> [RECORDS SUPPLIED]
[Start of section]
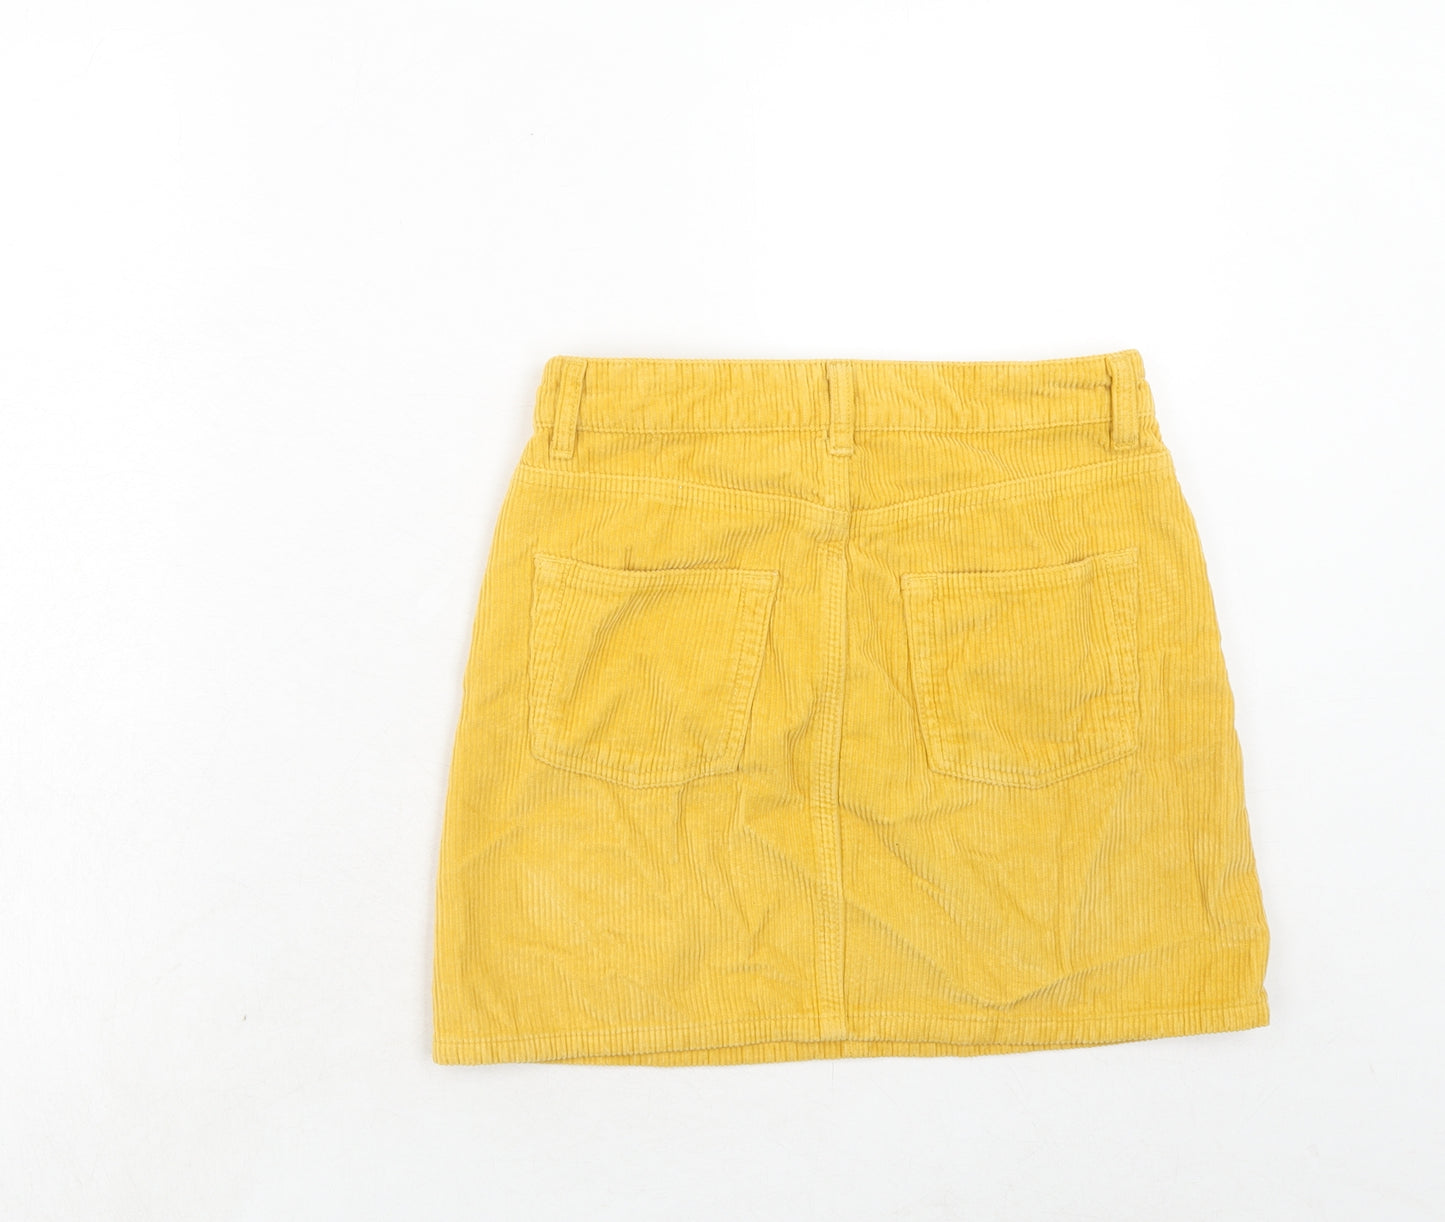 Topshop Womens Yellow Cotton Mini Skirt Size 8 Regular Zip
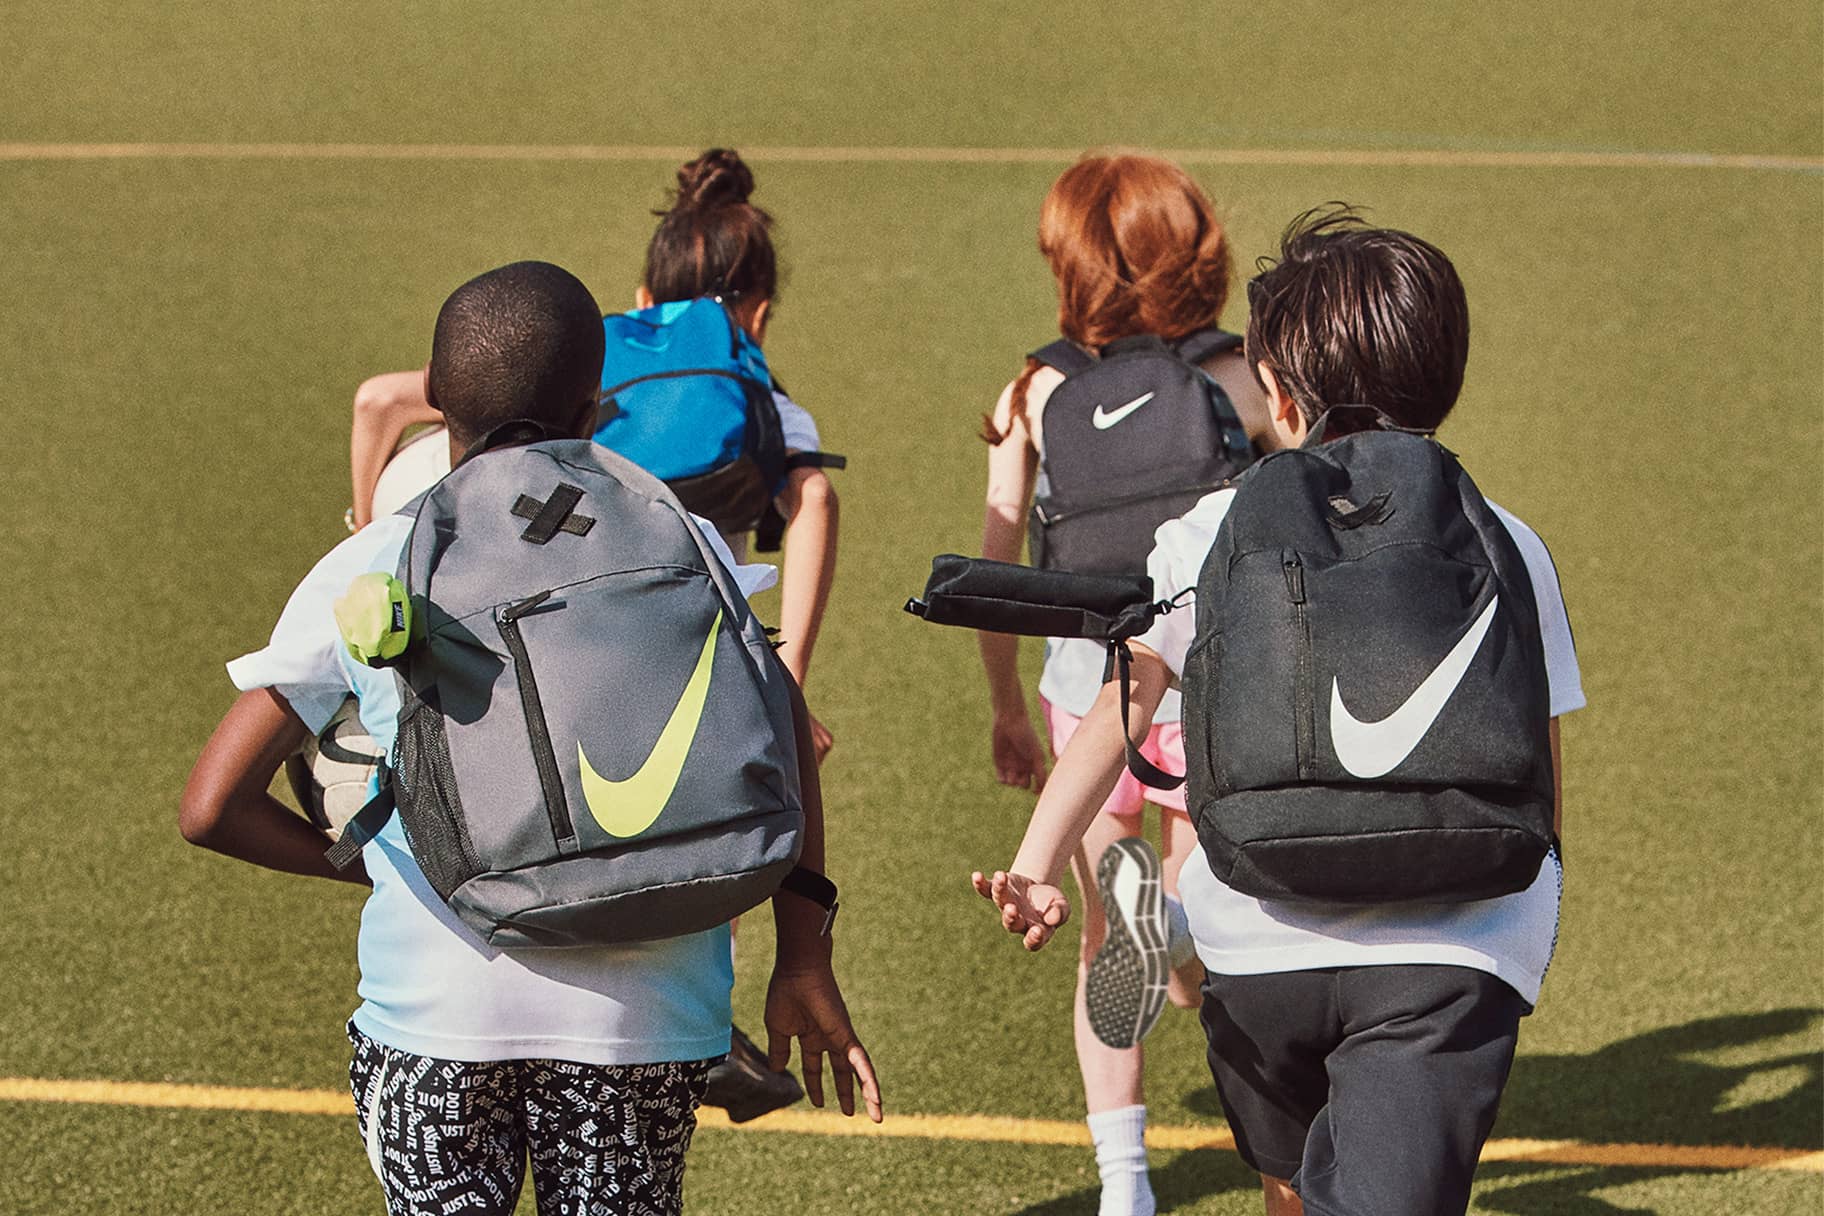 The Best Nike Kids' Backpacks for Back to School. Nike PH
[End of section]
[Start of section]
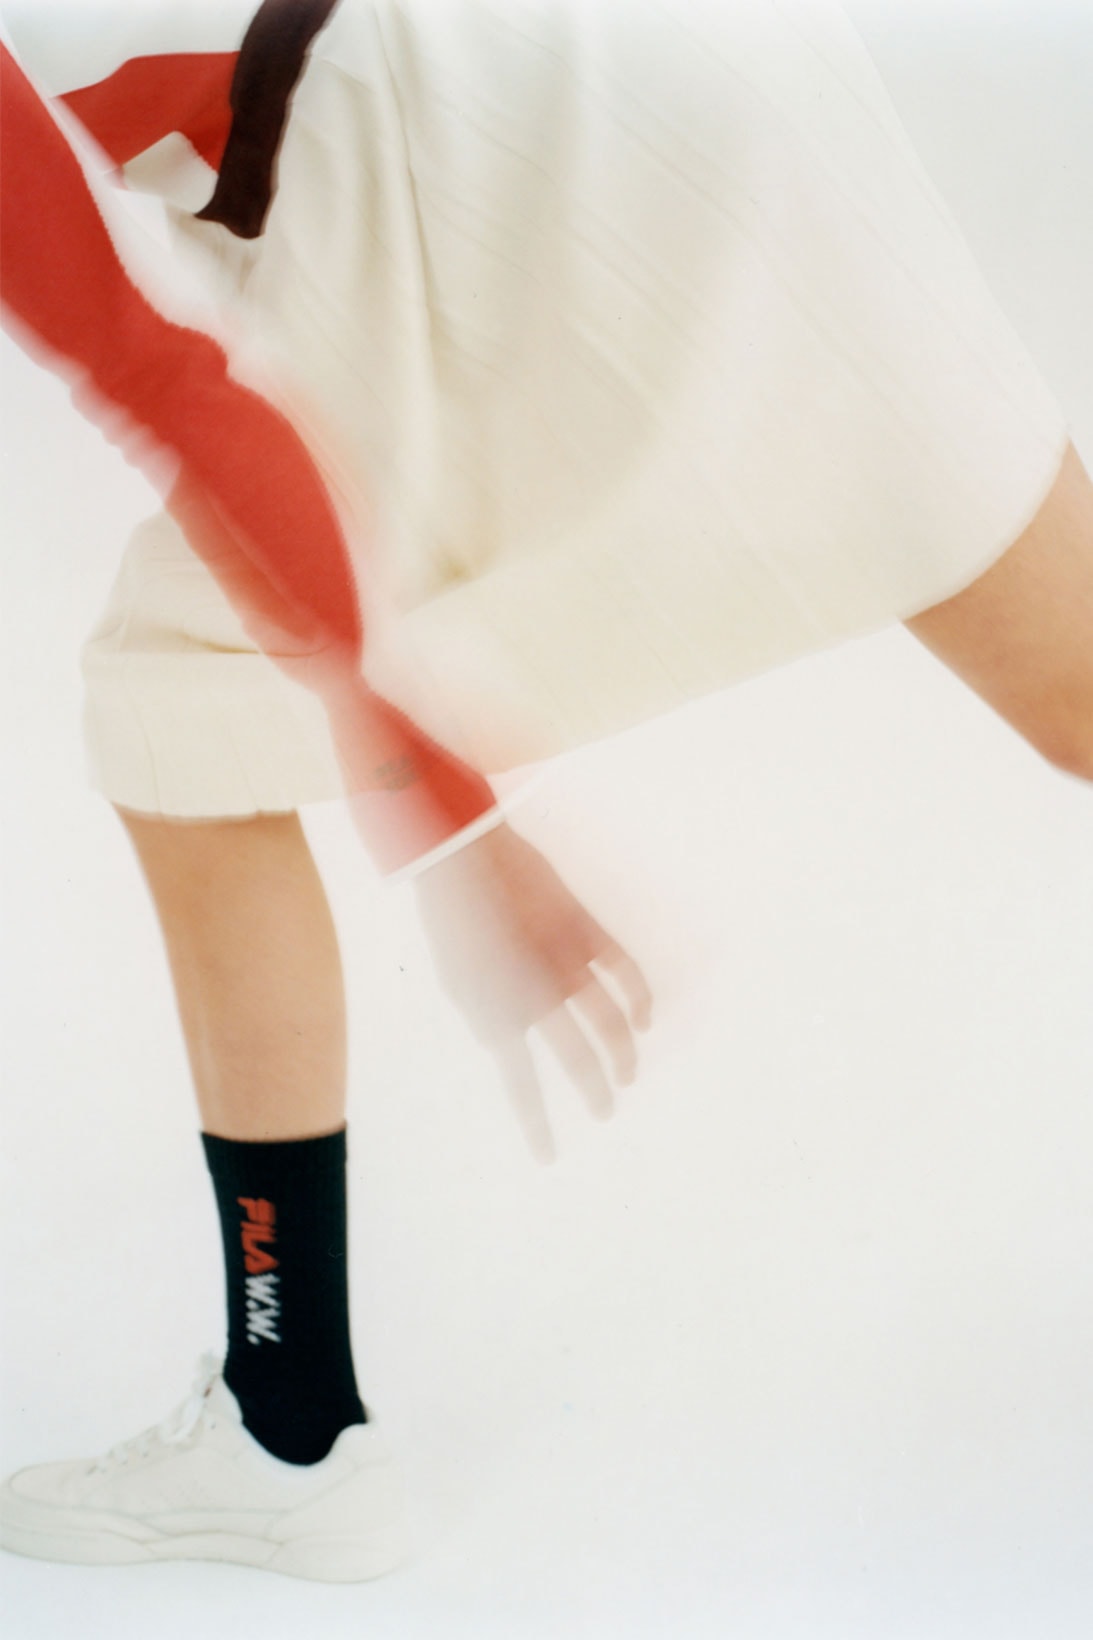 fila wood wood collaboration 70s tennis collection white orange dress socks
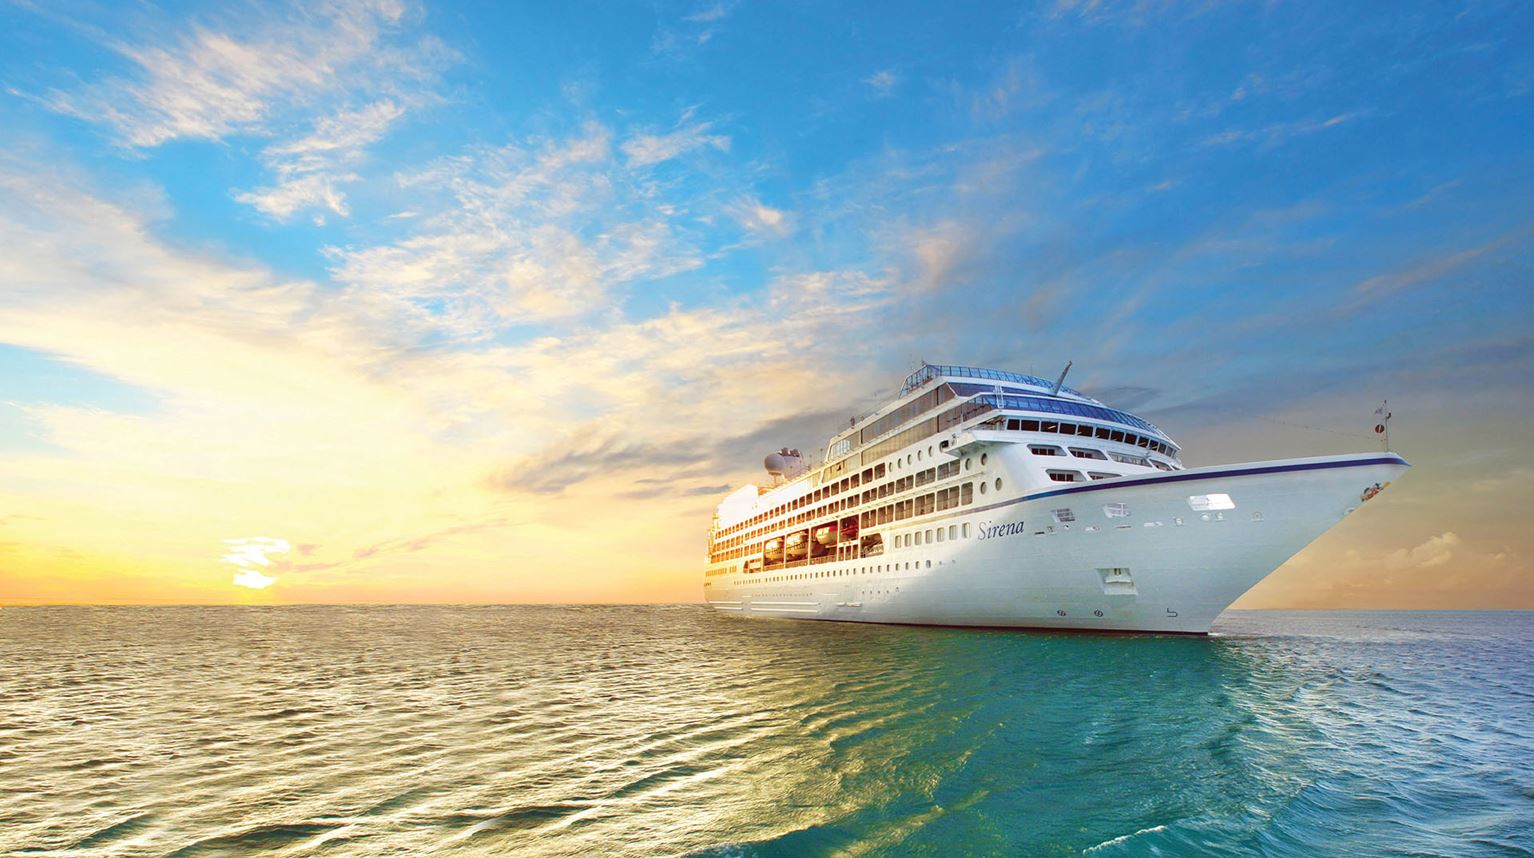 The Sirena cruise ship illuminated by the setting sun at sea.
[End of section]
> [WHAT YOU WILL DO]
Would you restate, exactly and with no pictures, the lines of the entries above from the one containing "Topshop Womens Yellow" through the one containing "The Best Nike"?

> [RESPONSE]
 Topshop Womens Yellow Cotton Mini Skirt Size 8 Regular Zip
 The Best Nike Kids' Backpacks for Back to School. Nike PH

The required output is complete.